The University of Virginia is raising tuition on some students to give tuition breaks to others. This year entering freshman will pay $14,468 in tuition and fees. By September 2016, students will pay $16,000. [read_more]When room and board is added students will pay $30,000 per year. Under this new plan those students who are deemed to be in financial need will get an additional $10,000 break in tuition payments. The cutoff for assistance is family income of about $48,000, twice the poverty rate. This year approximately 35% of undergraduate students qualify for assistance while 65% pay the full rate.
David Ramadan (R-Loudoun) objects to this new plan. Although Delegate Ramadan is from an affluent part of the state, it’s also a very high cost of living area. Delegate Ramadan said this initiative is “not going to play well” in his district.
“This is redistribution of wealth,” Ramadan said. “This is simply outrageous. It’s not the job of any university to take money from one person and give it to another. They should be cutting costs to lower tuition, not raising it.”
Between 2009 and 2014 UVA increased tuition and fees by 21% which is more than some state schools and less than others. University of Maryland only increased their tuition by 6% but they had much higher tuition back in 2009.
The more the university of Virginia increases tuition and fees the more top students who they want to attract will look elsewhere.
More here.
5 comments
Doesn’t the Virginia Constitution require that taxes be raised only by our elected representatives? How is it possibly constitutional for state appointees (Board of Visitors) and a state employee (Teresa Sullivan) to impose taxes on anybody?

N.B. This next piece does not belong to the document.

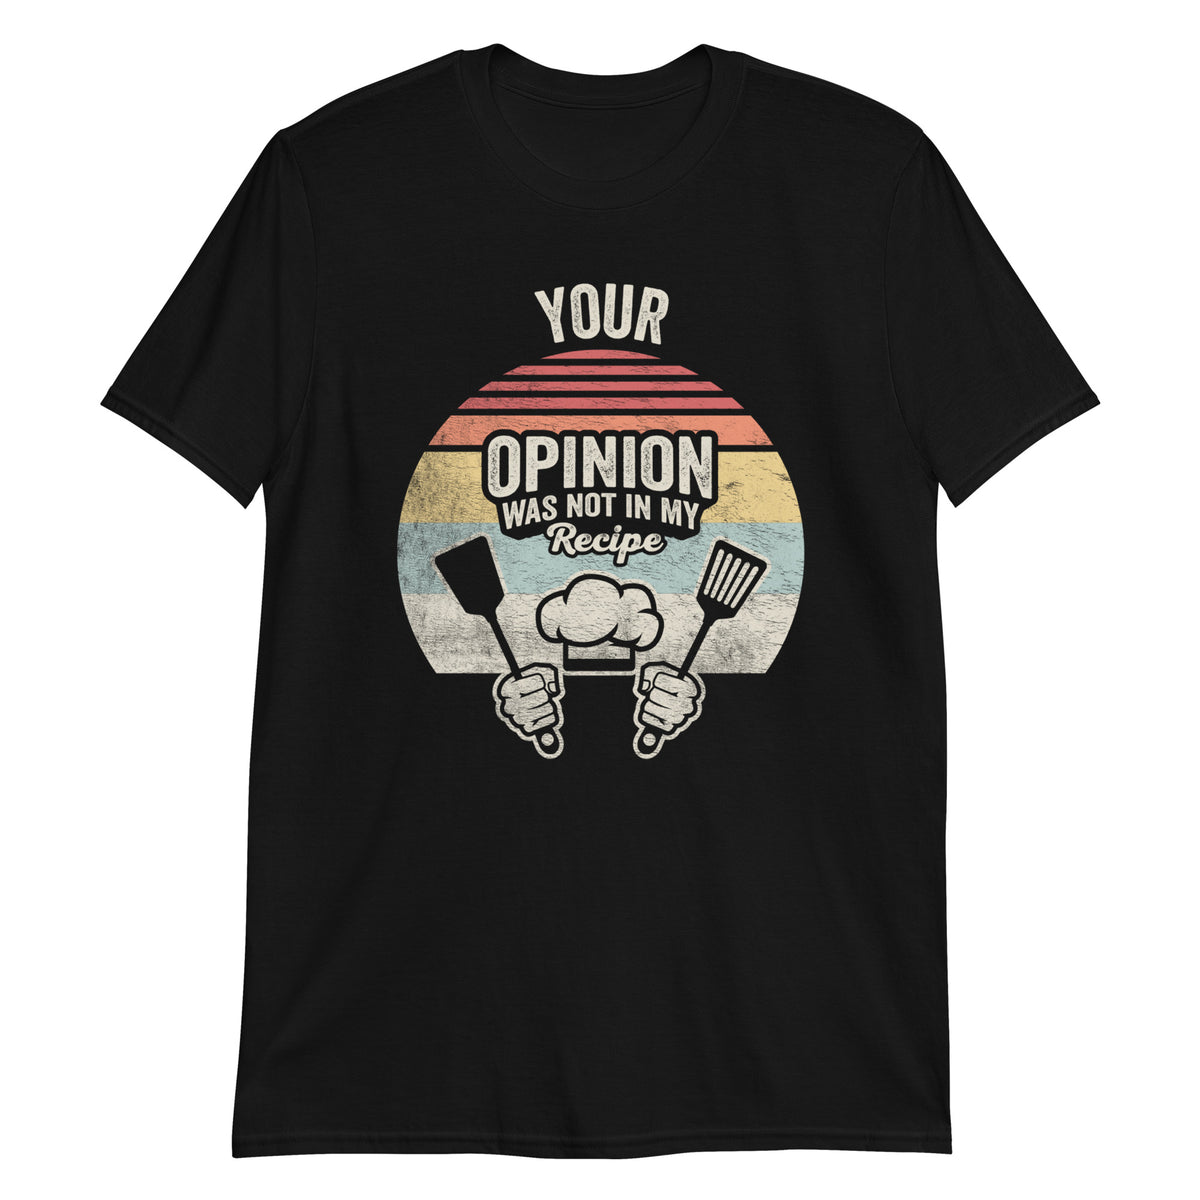 Your Opinion Was Not in My Recipe T-Shirt

If the state Secretary of Transportation decided to charge owners of more expensive than average cars a $100 surcharge so he could then give $100 rebates to the owners of less than average value cars would that be OK?
How that is an intriguing take on it but I expect the left would start screaming title IX violations if it was actually placed in discussion.
Student loans are out of control, Tuition and Fees went up because the federal government will loan based on a percentage of the estimated cost of attendance. Since these loans are guaranteed by the Federal government, the schools get more money with no risk, simply by raising fees and tuition. The only problem is that the jobs these kids expected to get have moved off shore, and are no longer available. So a huge amount of these loans will default, simply because there are not enough jobs for the graduating kids.
This is not a justification of the UVA’s financial efficiencies or its student tuition assistance policies but the reality here is that from a pure funding view point the institution is NOT the typical state chartered school. Currently the average full time student equivalent (FTE) taxpayer funding to UVA is around $8.5K per year if you compare that to a comparable institution, like my alma mater UNC-Chapel Hill with an FTE support figure of $22.1K, the vastly different funding profiles become readily apparent. Delegate Ramadan and his district’s paying parents may feel aggrieved but I believe the reality is they don’t have a strong state funding position to leverage against UVA proposed current and likely future funding profile.
Again, I’d bet a close look at the growth in the number of administrators to faculty would show it’s a cause of much of the tuition rise. Much of this growth has come in administrators for things like Black Student Unions, Women’s Centers, Multicultural Centers, and university VPs for Diversity and Multiculturalism. In many cases, these people’s offices grow into fiefdoms, with assistants, and assistants to assistants. They need office space, operating expenses, salary money and money for special events and speakers.
I wouldn’t be surprised, for example, if after its recently fraternity rape hoax, UVA is planning to create a Special Assistant for Outreach and Education of Fraternities, who will serve as assistant to the Assistant of the VP for Women’s Issues (or whatever), while simultaneously serving as the university President’s liaison to the Maxine Platzer Lynn Women’s Center.
There are, of course, a variety of other programs funded at universities that address environmental and other social issues. These all require funding, often with soft money grants, which sometimes give the spouses of faculty part-time work.
The main thing is that actual teaching and education has taken taken a backseat to research and activism on social issues in many universities. That’s also evidenced in the rise in using adjunct faculty to teach. Students are getting ripped off, no matter how you look at it.